There are a lot of projections that the independent space is going to earn market share more broadly and the wirehouses are going to go “sideways to down,” according to Matt Brinker, head of national partner development at United Capital.
Brinker pointed to research that Envestnet compiled in April of industry trends. Envestnet’s research projects that wirehouses will continue to lose market share into 2021, while regional firms and RIAs are forecast to gain share.
The research looks at both historical and projected market share of client investment assets across industry segments. In 2013, 38% of the market share was in wirehouses. By 2016, the wirehouses’ market share had dropped slightly to 36%, and by 2021 it’s projected to drop further to 33%.

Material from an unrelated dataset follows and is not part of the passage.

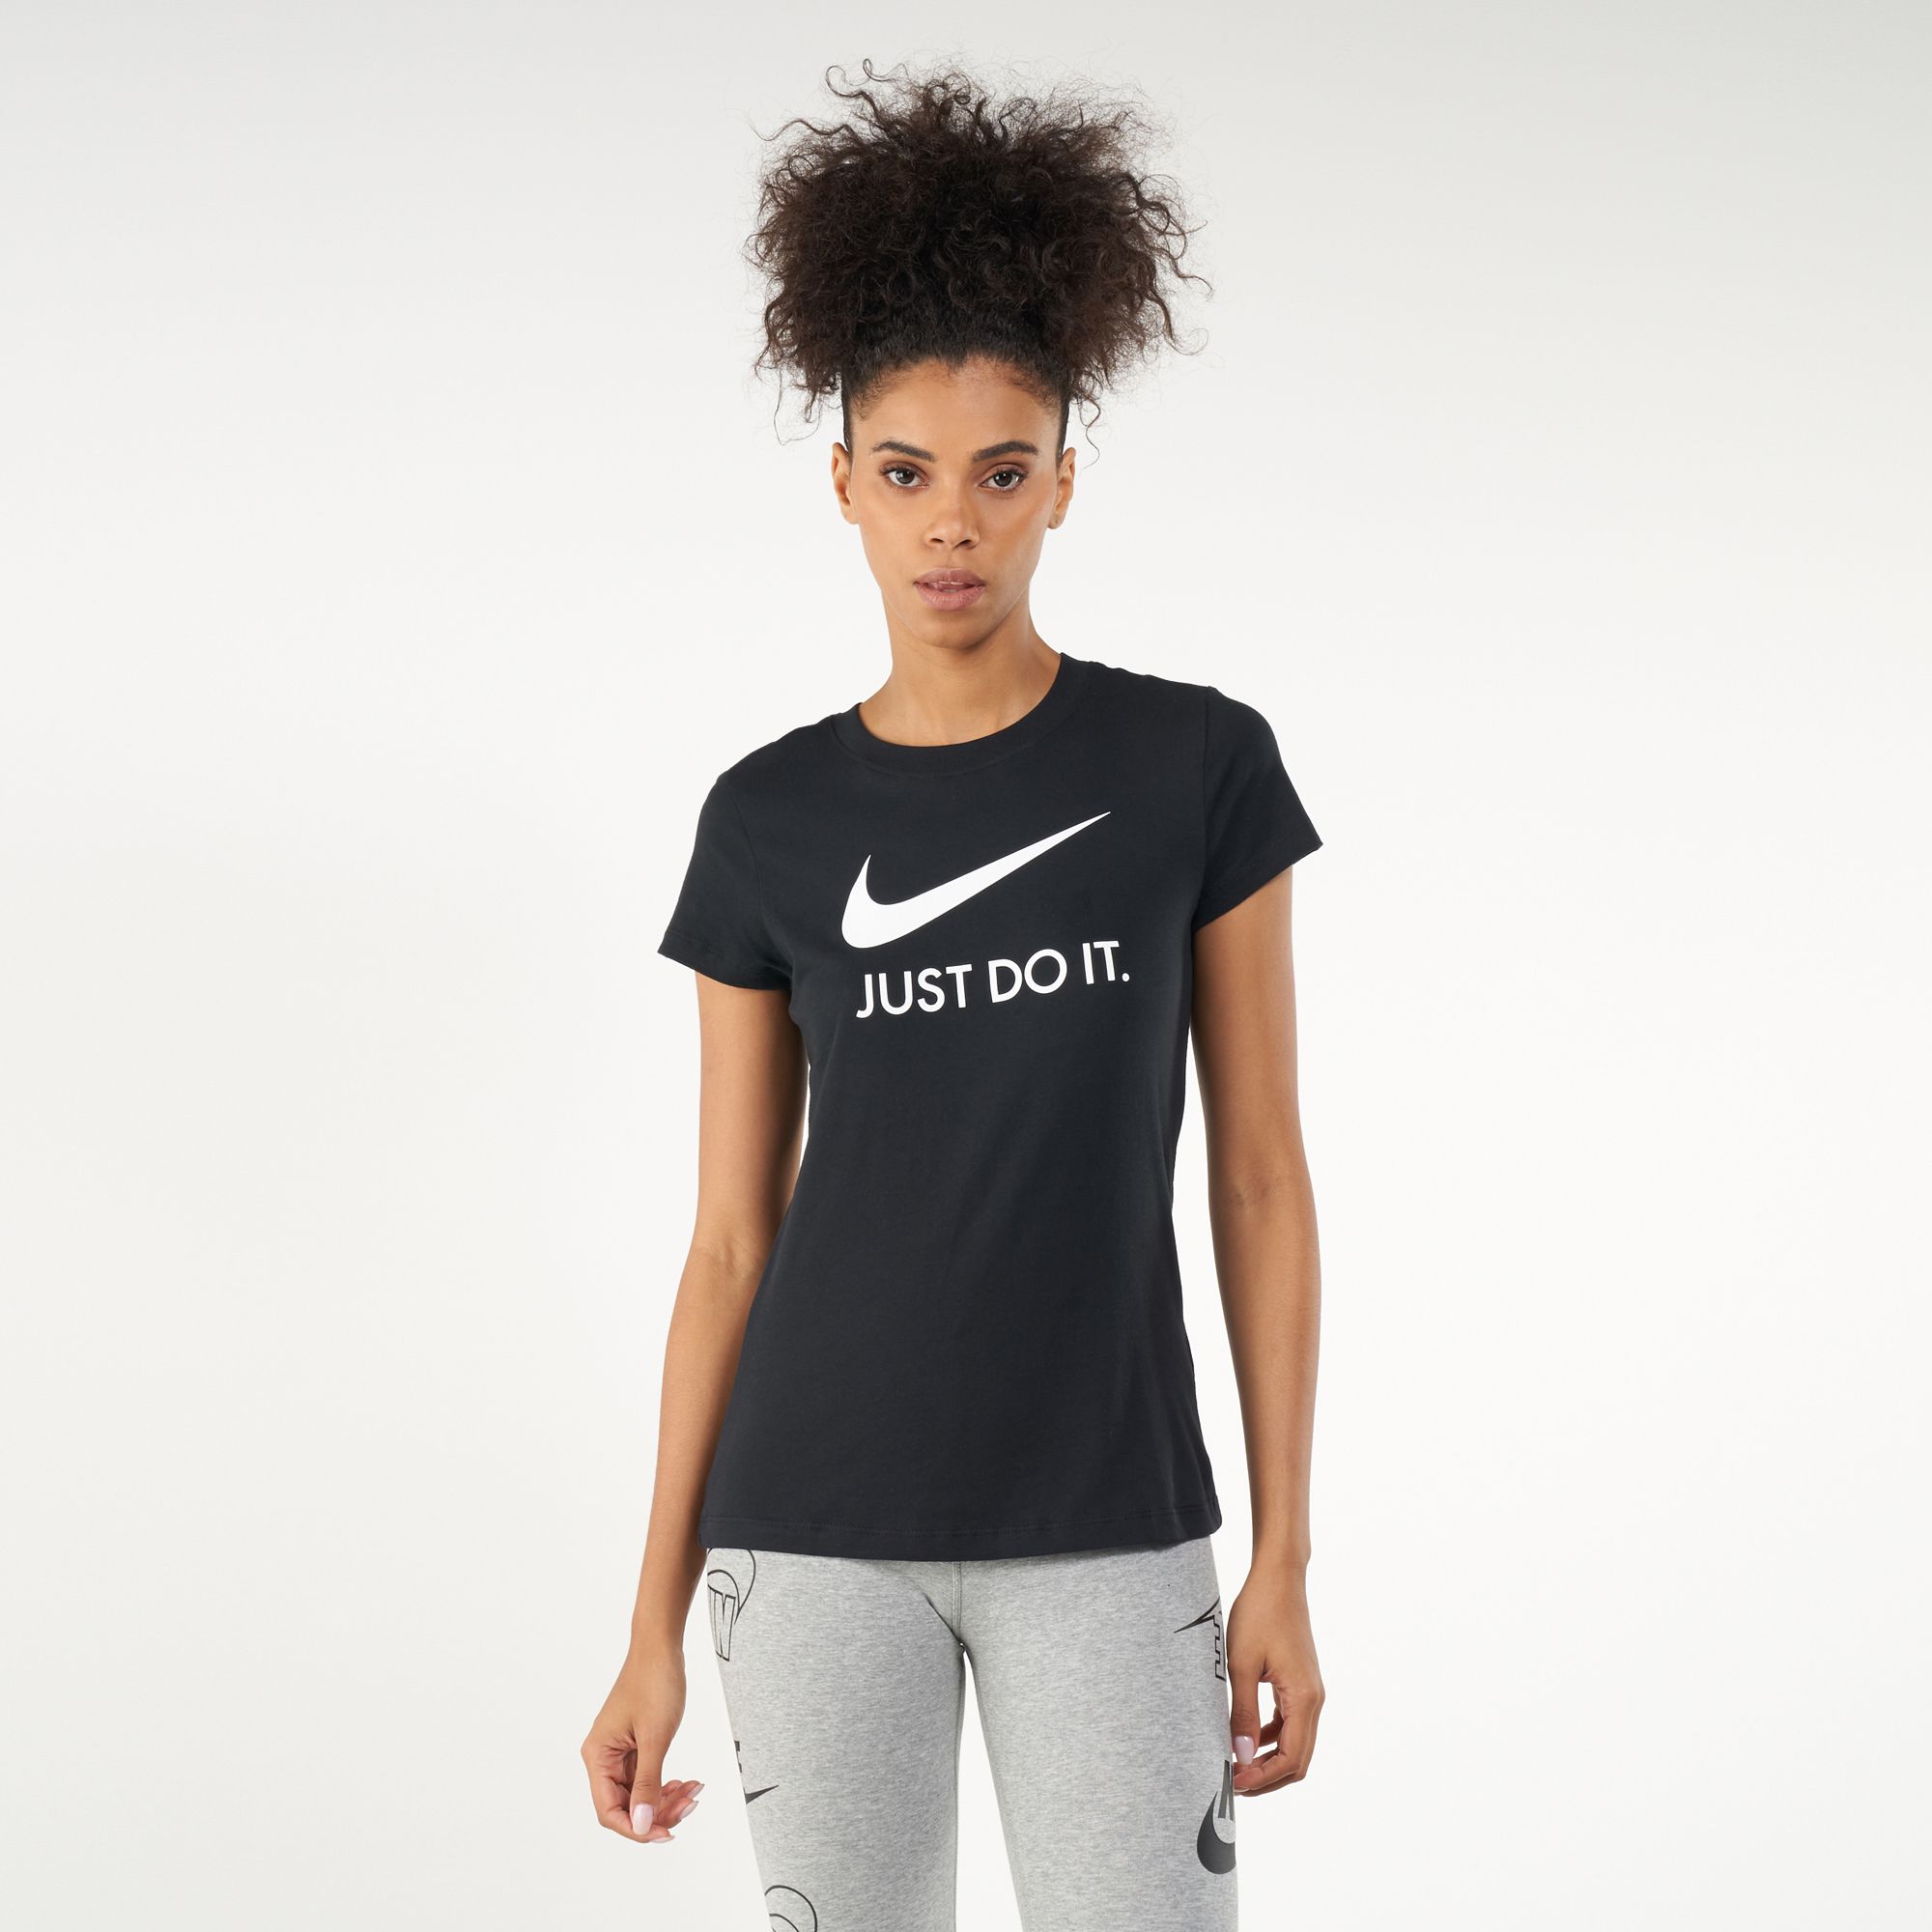 Buy Nike Women's Sportswear Just Do It T-Shirt Online in Dubai, UAE | SSS

Comparatively, the Envestnet research finds that the market share of IBDs and RIAs has increased slightly and will continue to do so. In 2013, 13% of the market share of assets was in IBDs and RIAs respectively. By 2016, the percentage of market share for both of these industry segments had increased to 14% each. BY 2021, the research projects that 14% of the market share will be in IBDs and 15% in RIAs.

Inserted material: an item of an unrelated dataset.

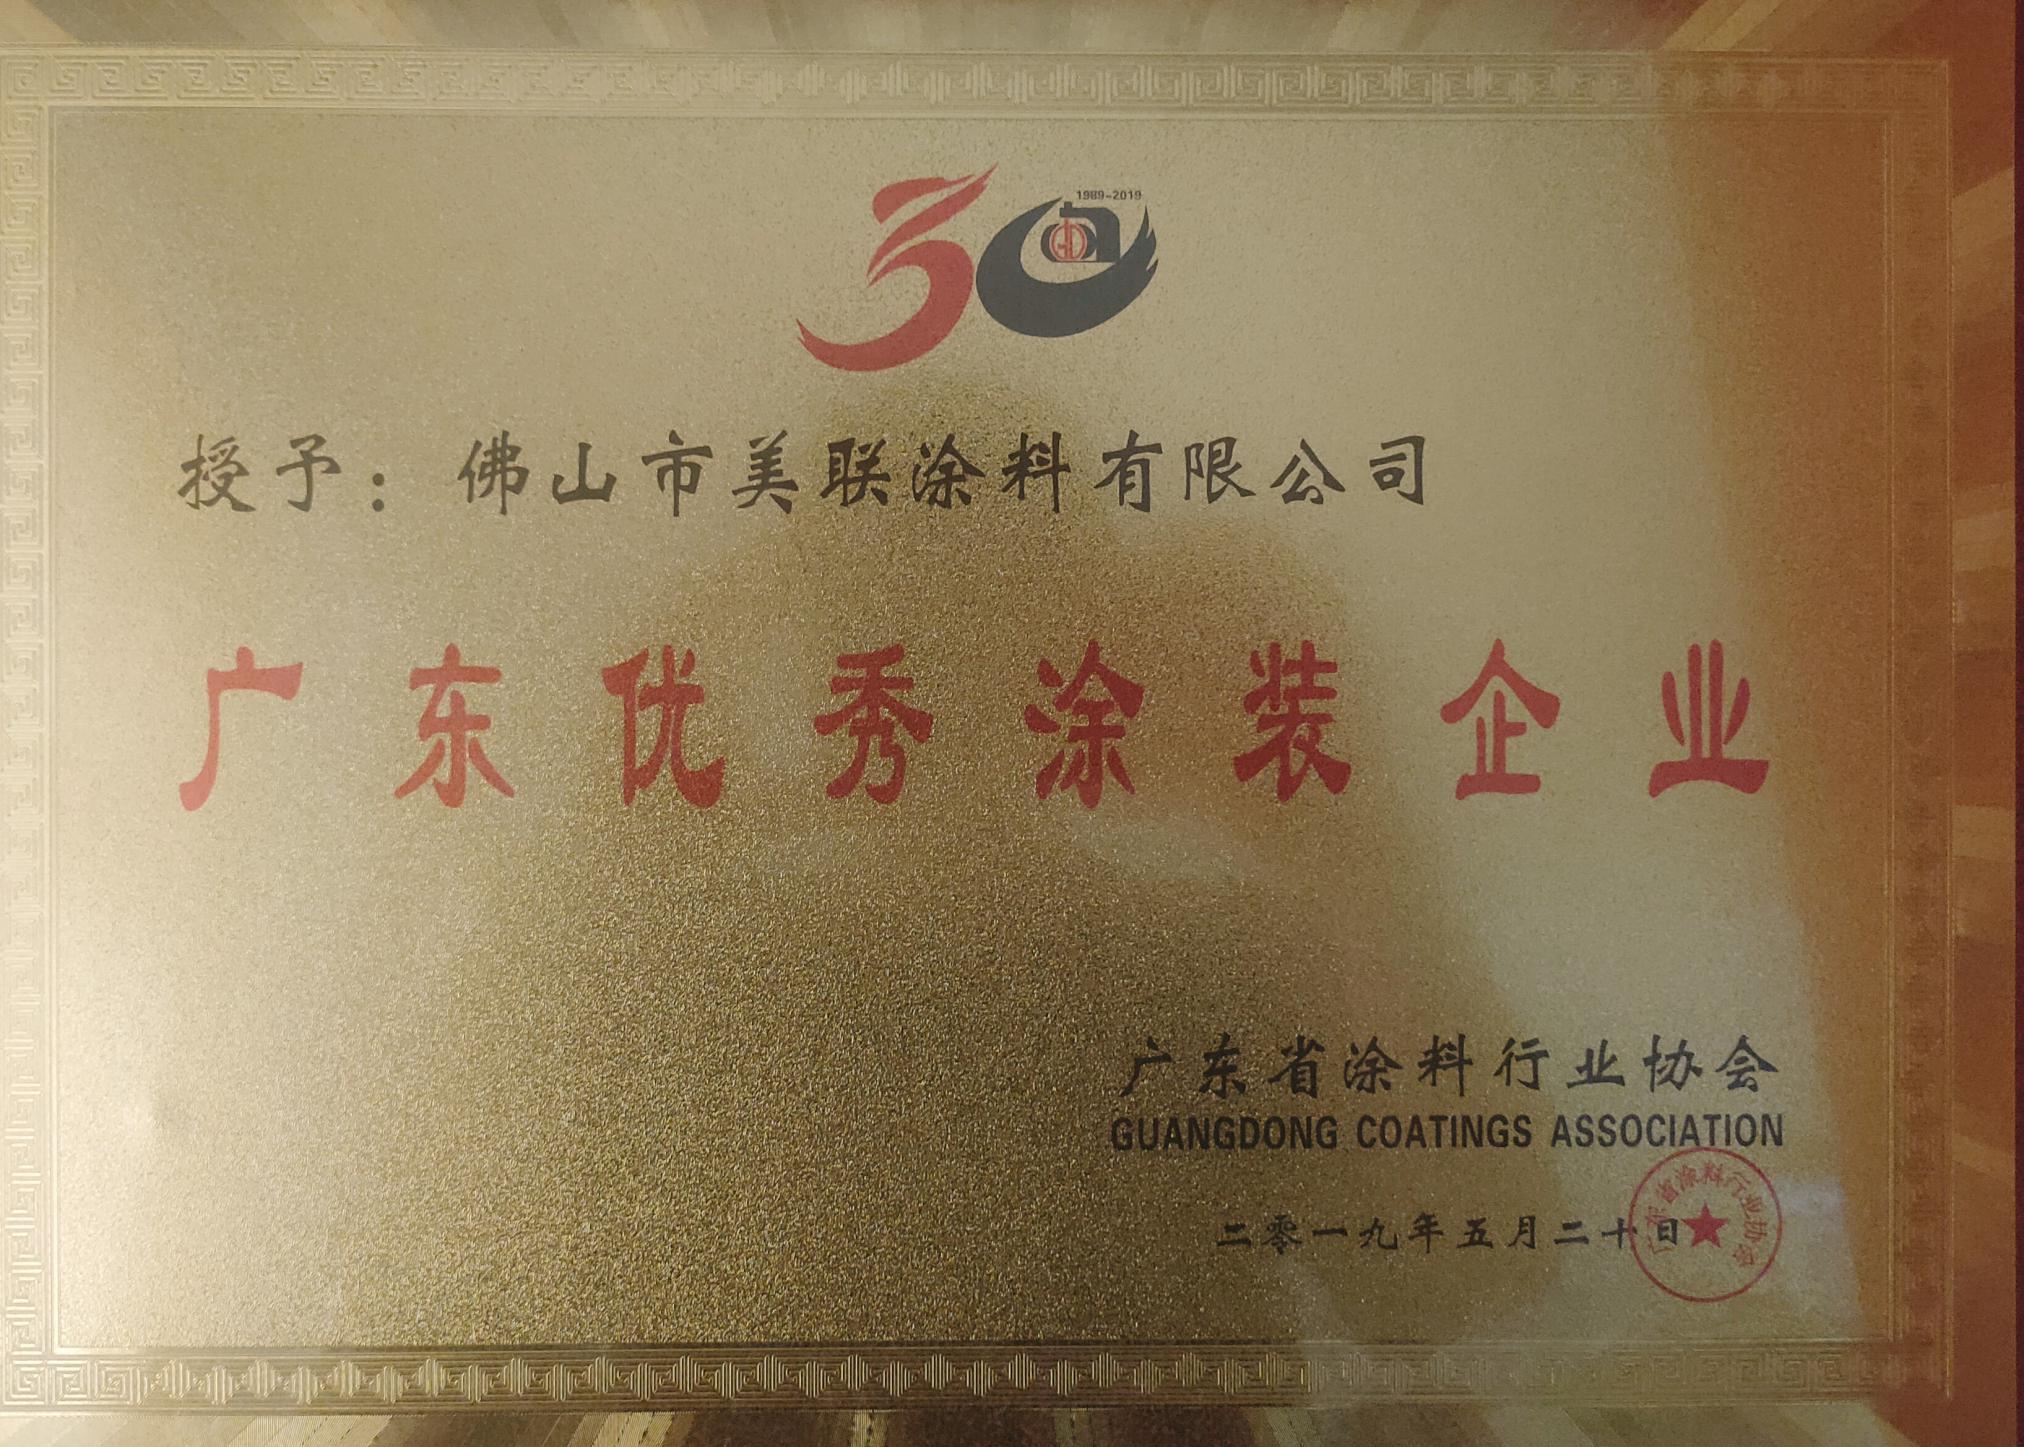 廣東優秀涂裝企業證書-美聯榮譽

However, Brinker is not buying it.
“I don’t fundamentally believe that” wirehouses are approaching their demise, he said.
Brinker sat down with ThinkAdvisor during a recent visit to New York to discuss why he’s less worried about robo-advisors and more worried about the wirehouses.

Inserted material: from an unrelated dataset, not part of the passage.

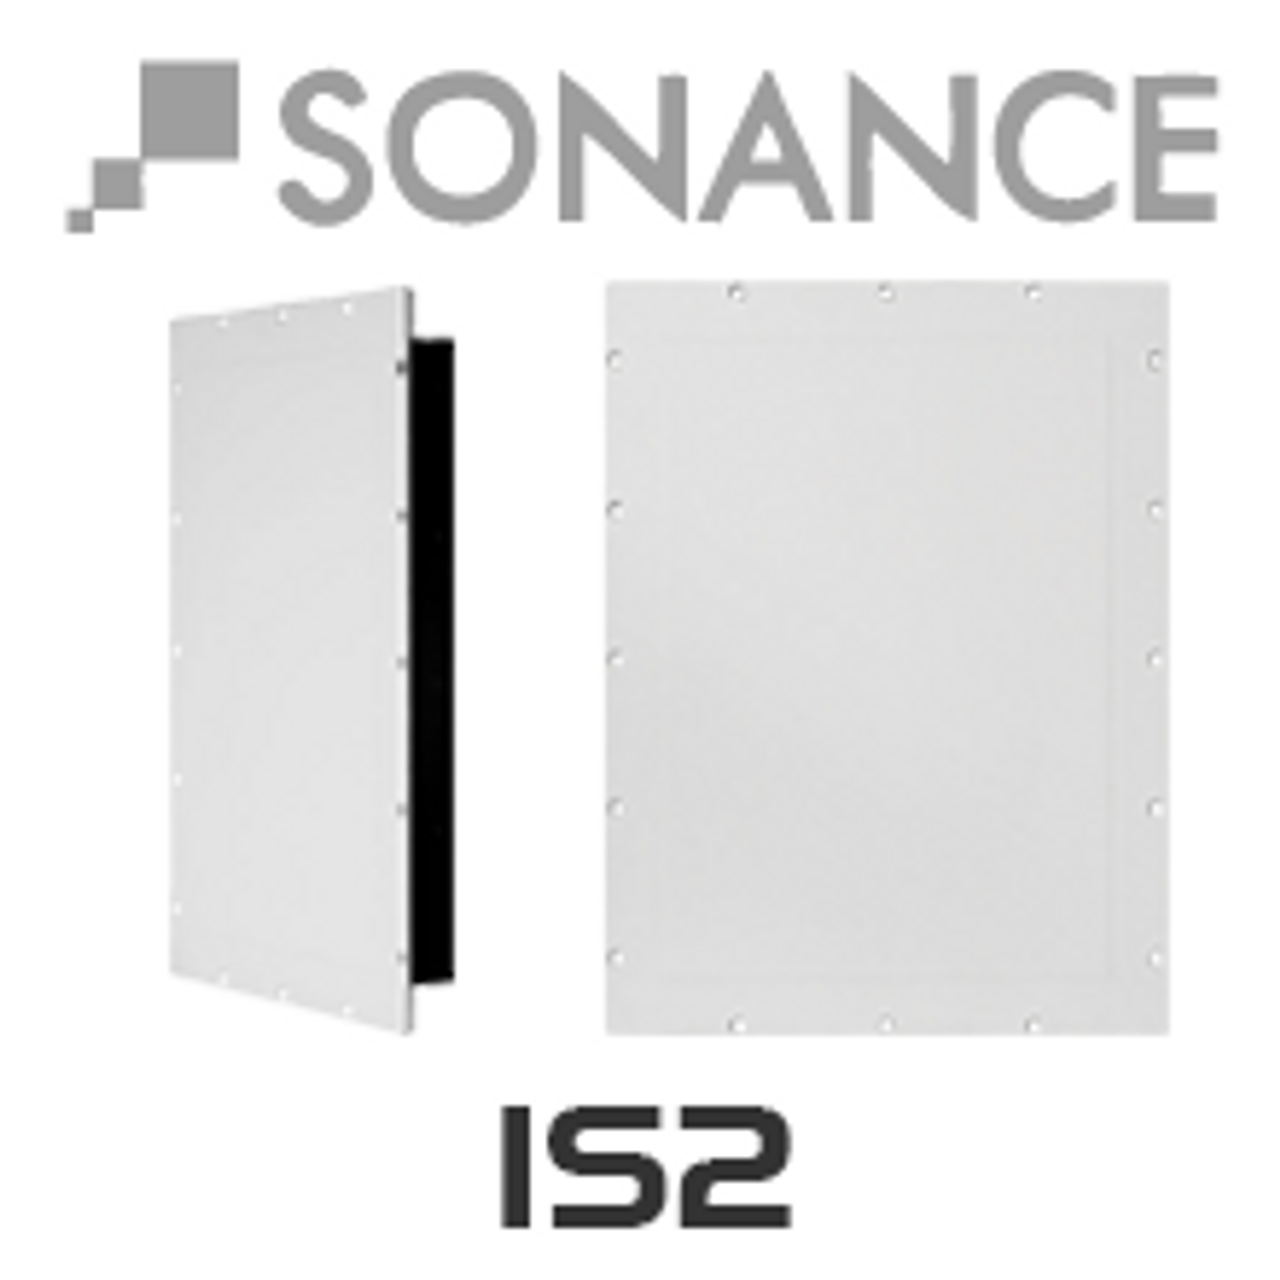 sonance speaker review

According to Brinker, though, the wirehouses are doing “just fine.”
“We’ve been forecasting this death and the demise of the wirehouse for 20-plus years. If you go back and look at their quarter-over-quarter performance, profits, revenues, they’re at all-time highs.”
For example, Merrill Lynch and Morgan Stanley reported record first-quarter revenue, Brinker pointed out during a recent presentation at In|Vest conference in New York.